All that belongs in the answer is the lines from the one containing "Remini Face Animator, Ini Cara Downloadnya" to the end of the listing below, copied exactly, pictures excluded.

_SUPPLIED DATA_
____

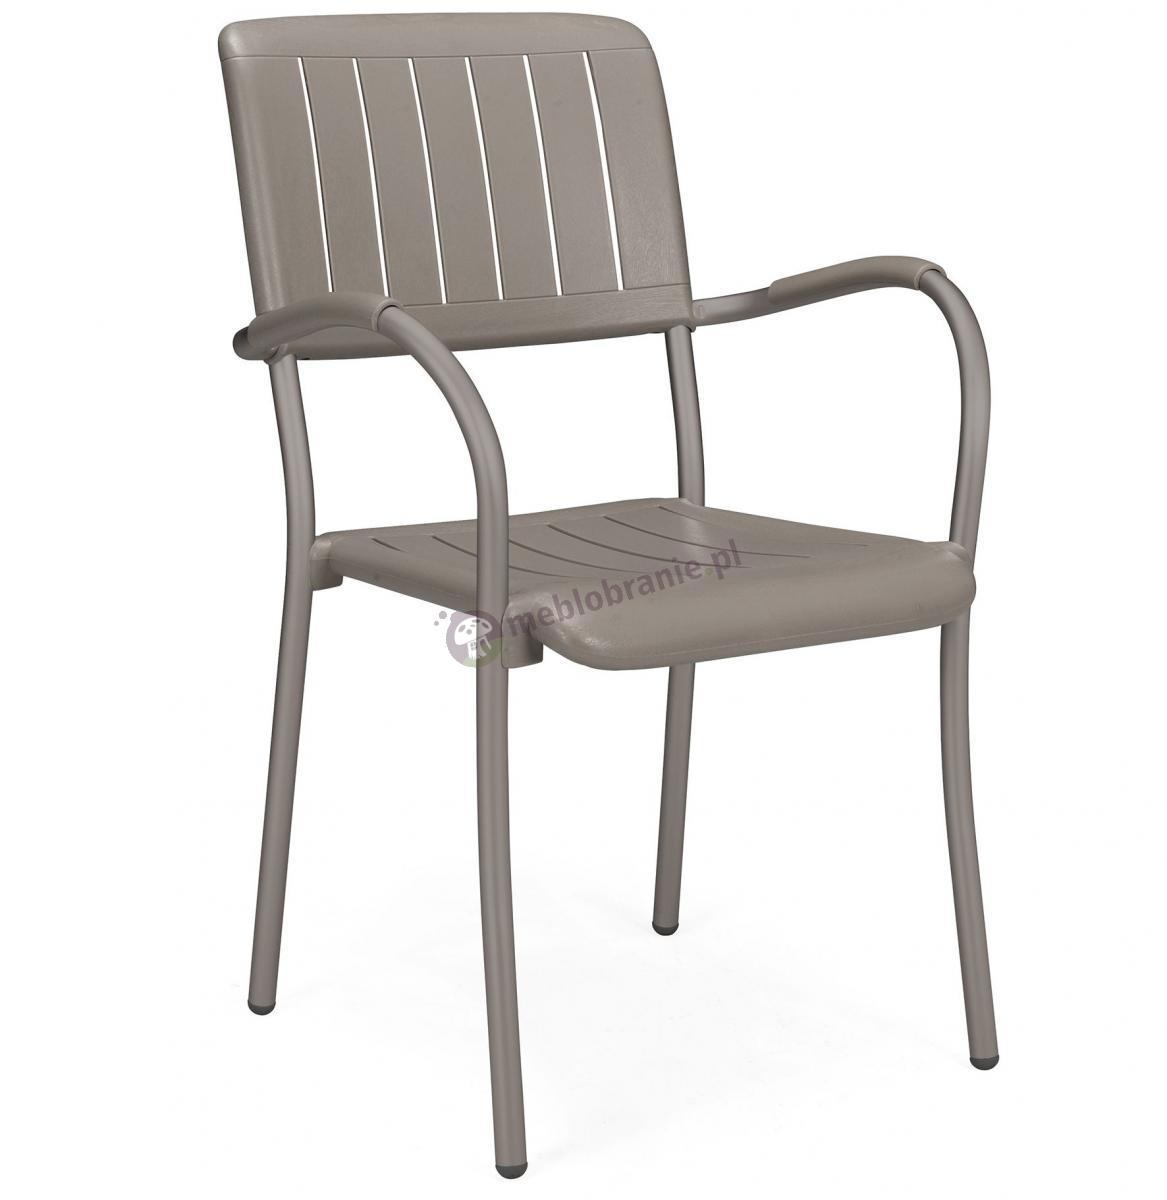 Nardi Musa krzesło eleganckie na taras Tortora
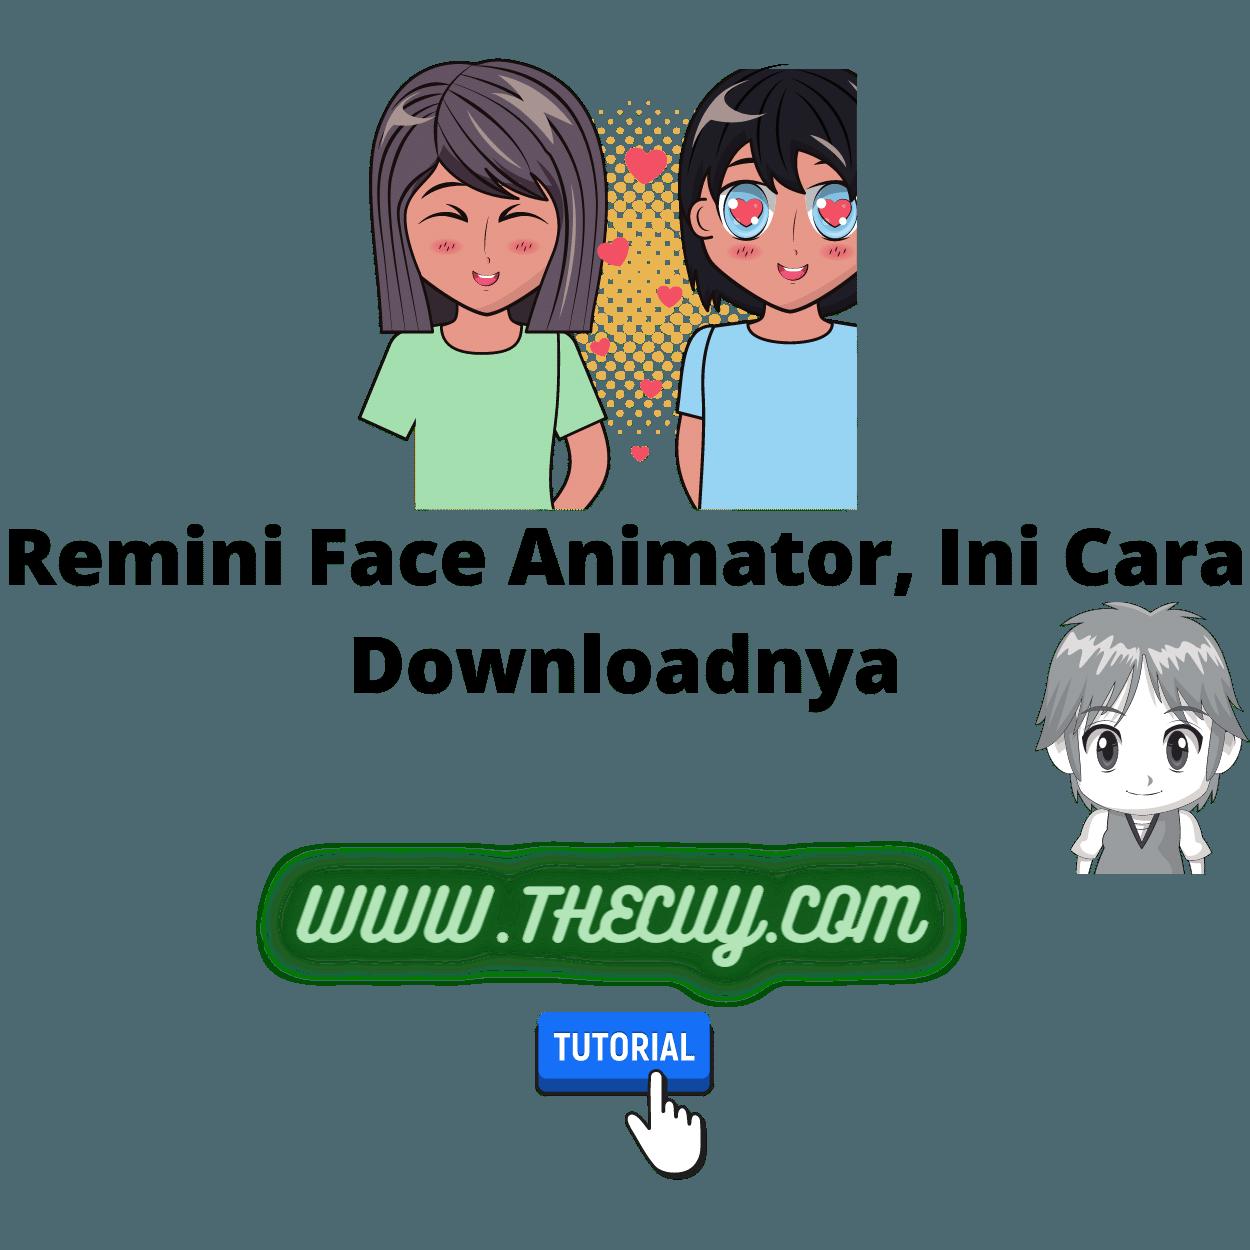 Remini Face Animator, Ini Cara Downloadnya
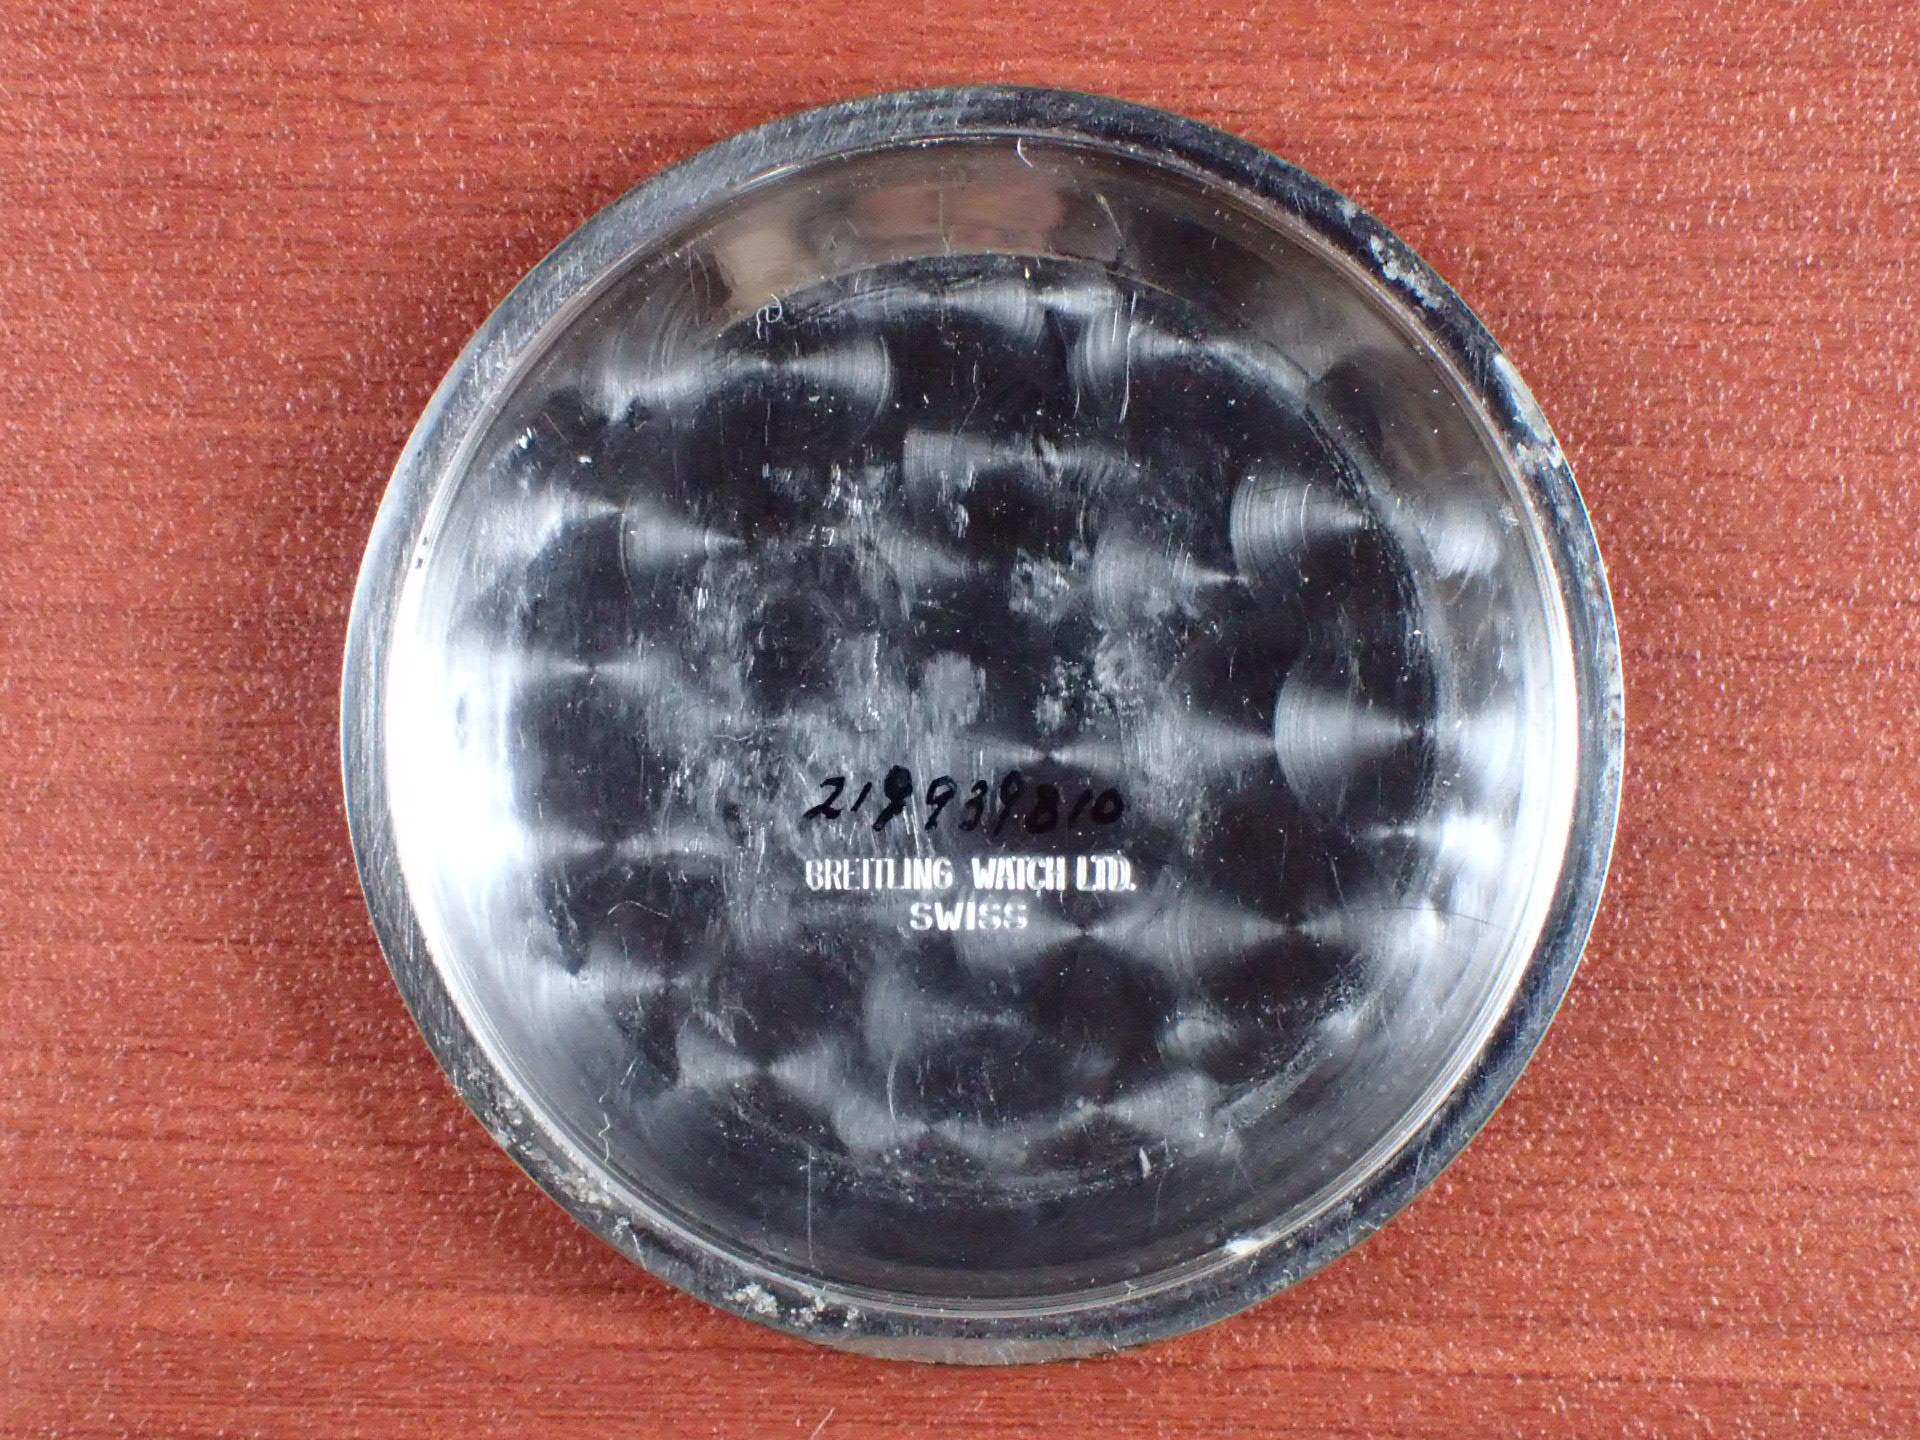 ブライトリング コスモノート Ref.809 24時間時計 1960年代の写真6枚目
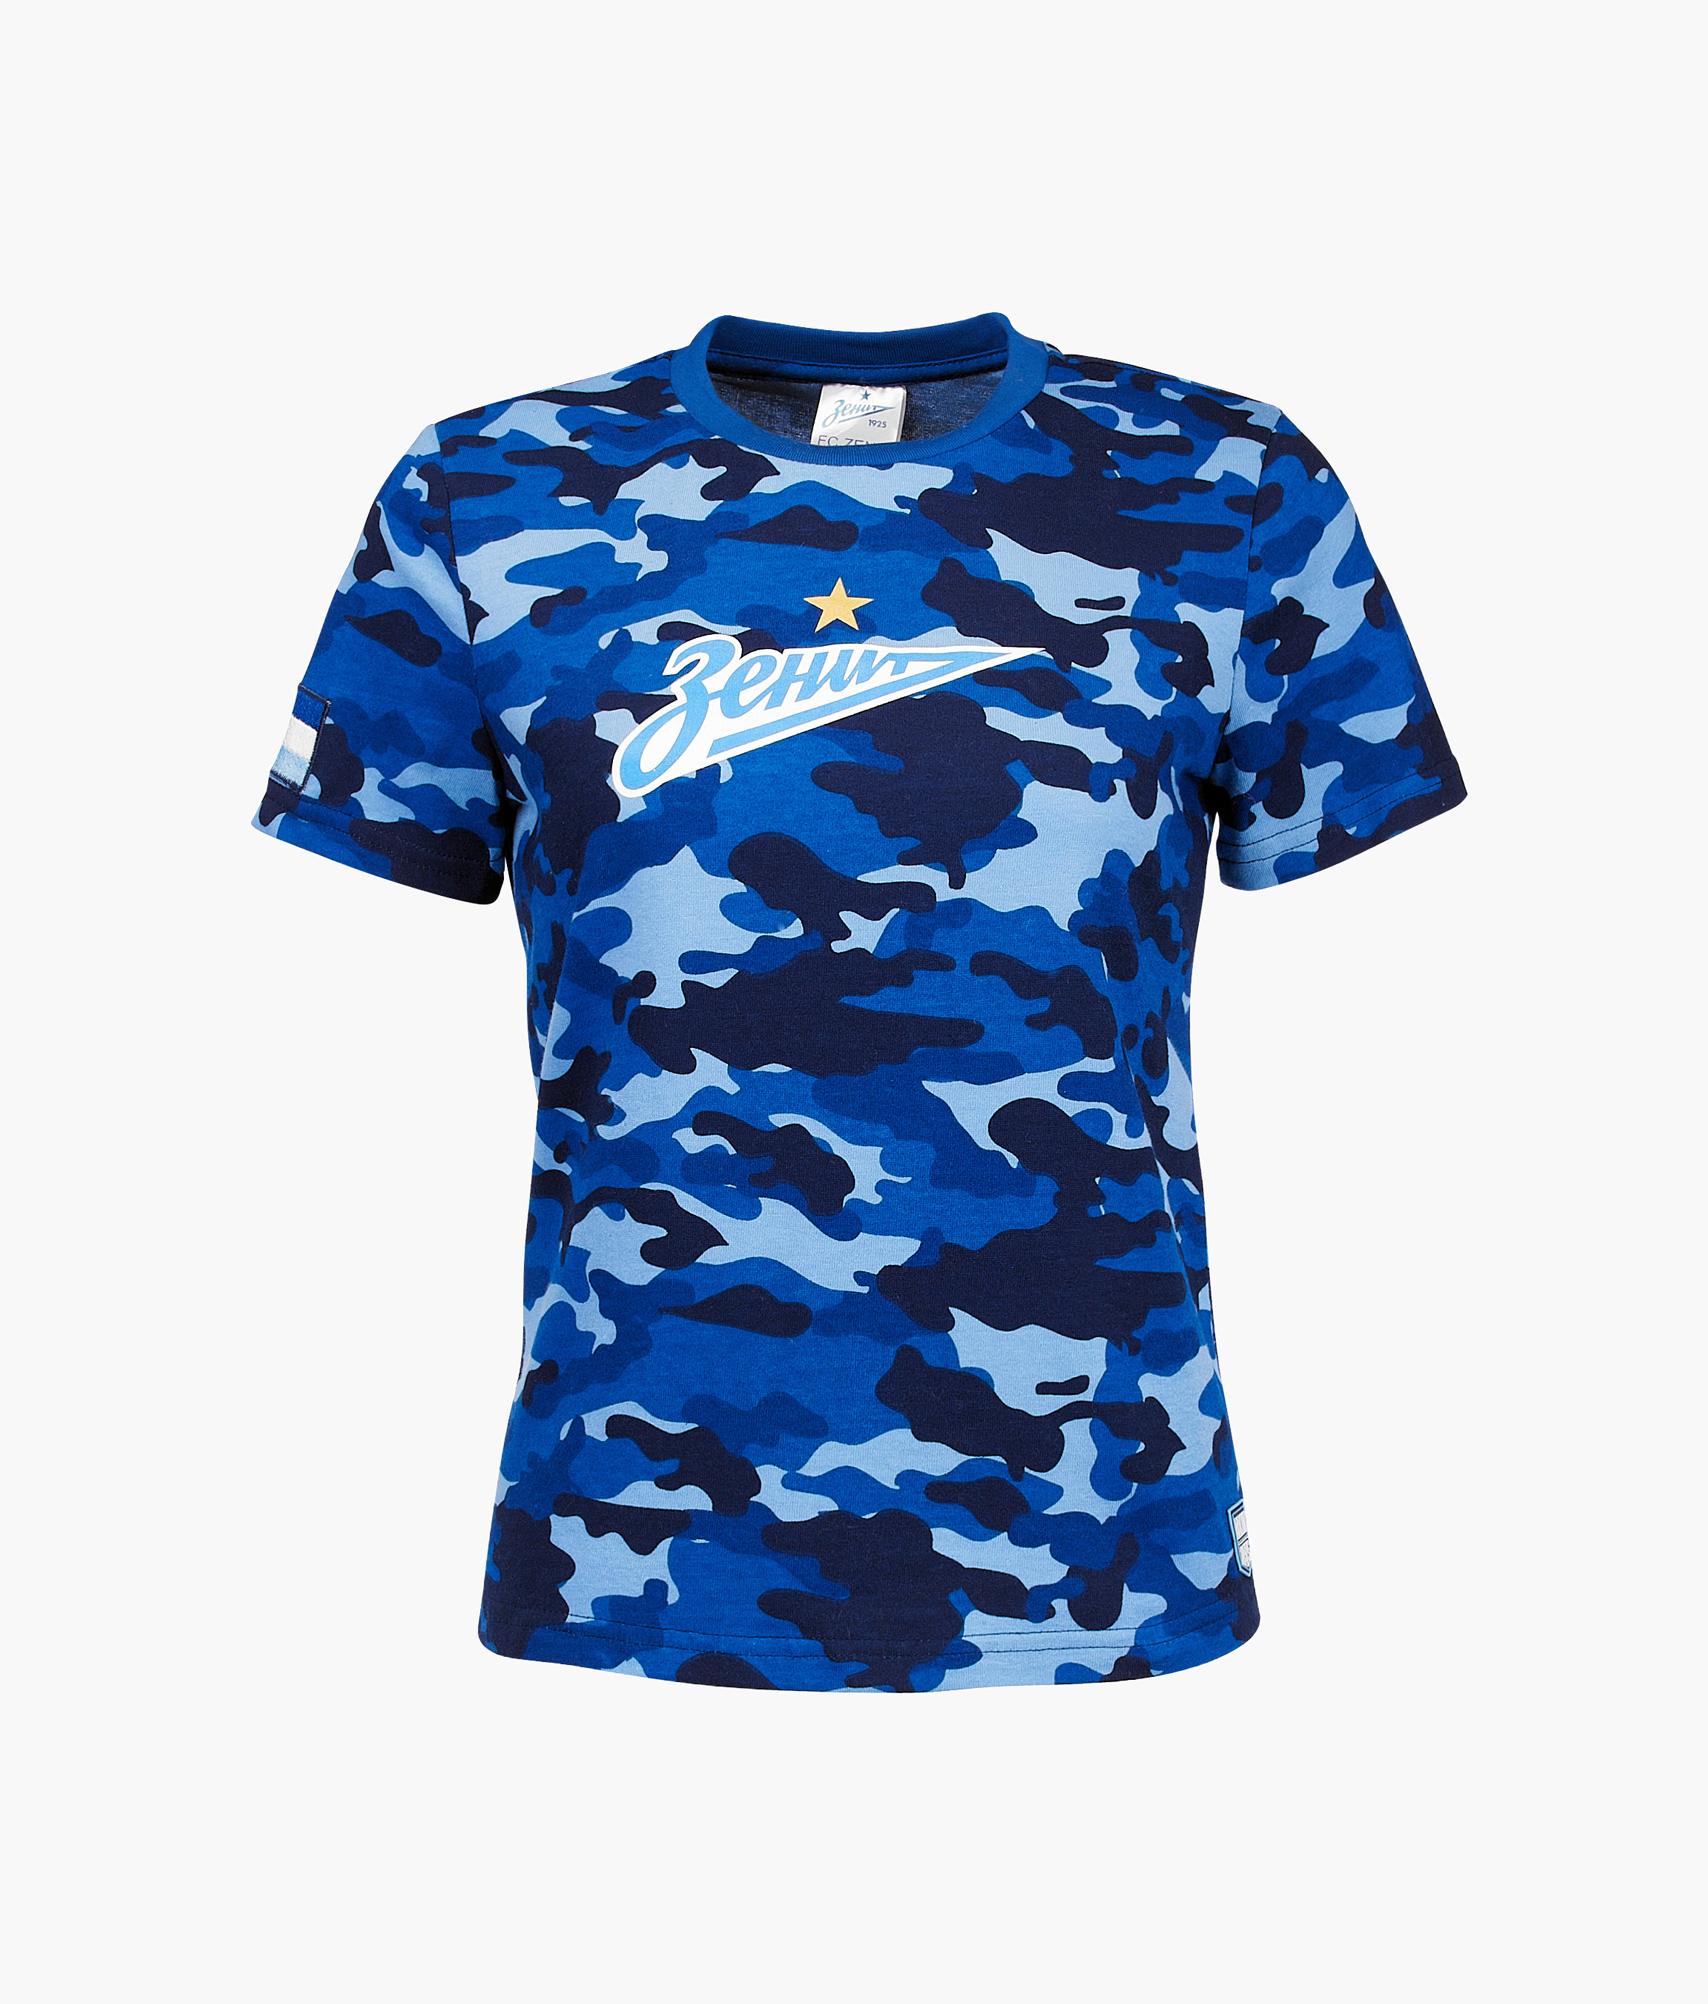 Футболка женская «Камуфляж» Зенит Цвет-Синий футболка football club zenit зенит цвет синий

____

_RESPONSE BOX_
 Remini Face Animator, Ini Cara Downloadnya
 ブライトリング コスモノート Ref.809 24時間時計 1960年代の写真6枚目
 Футболка женская «Камуфляж» Зенит Цвет-Синий футболка football club zenit зенит цвет синий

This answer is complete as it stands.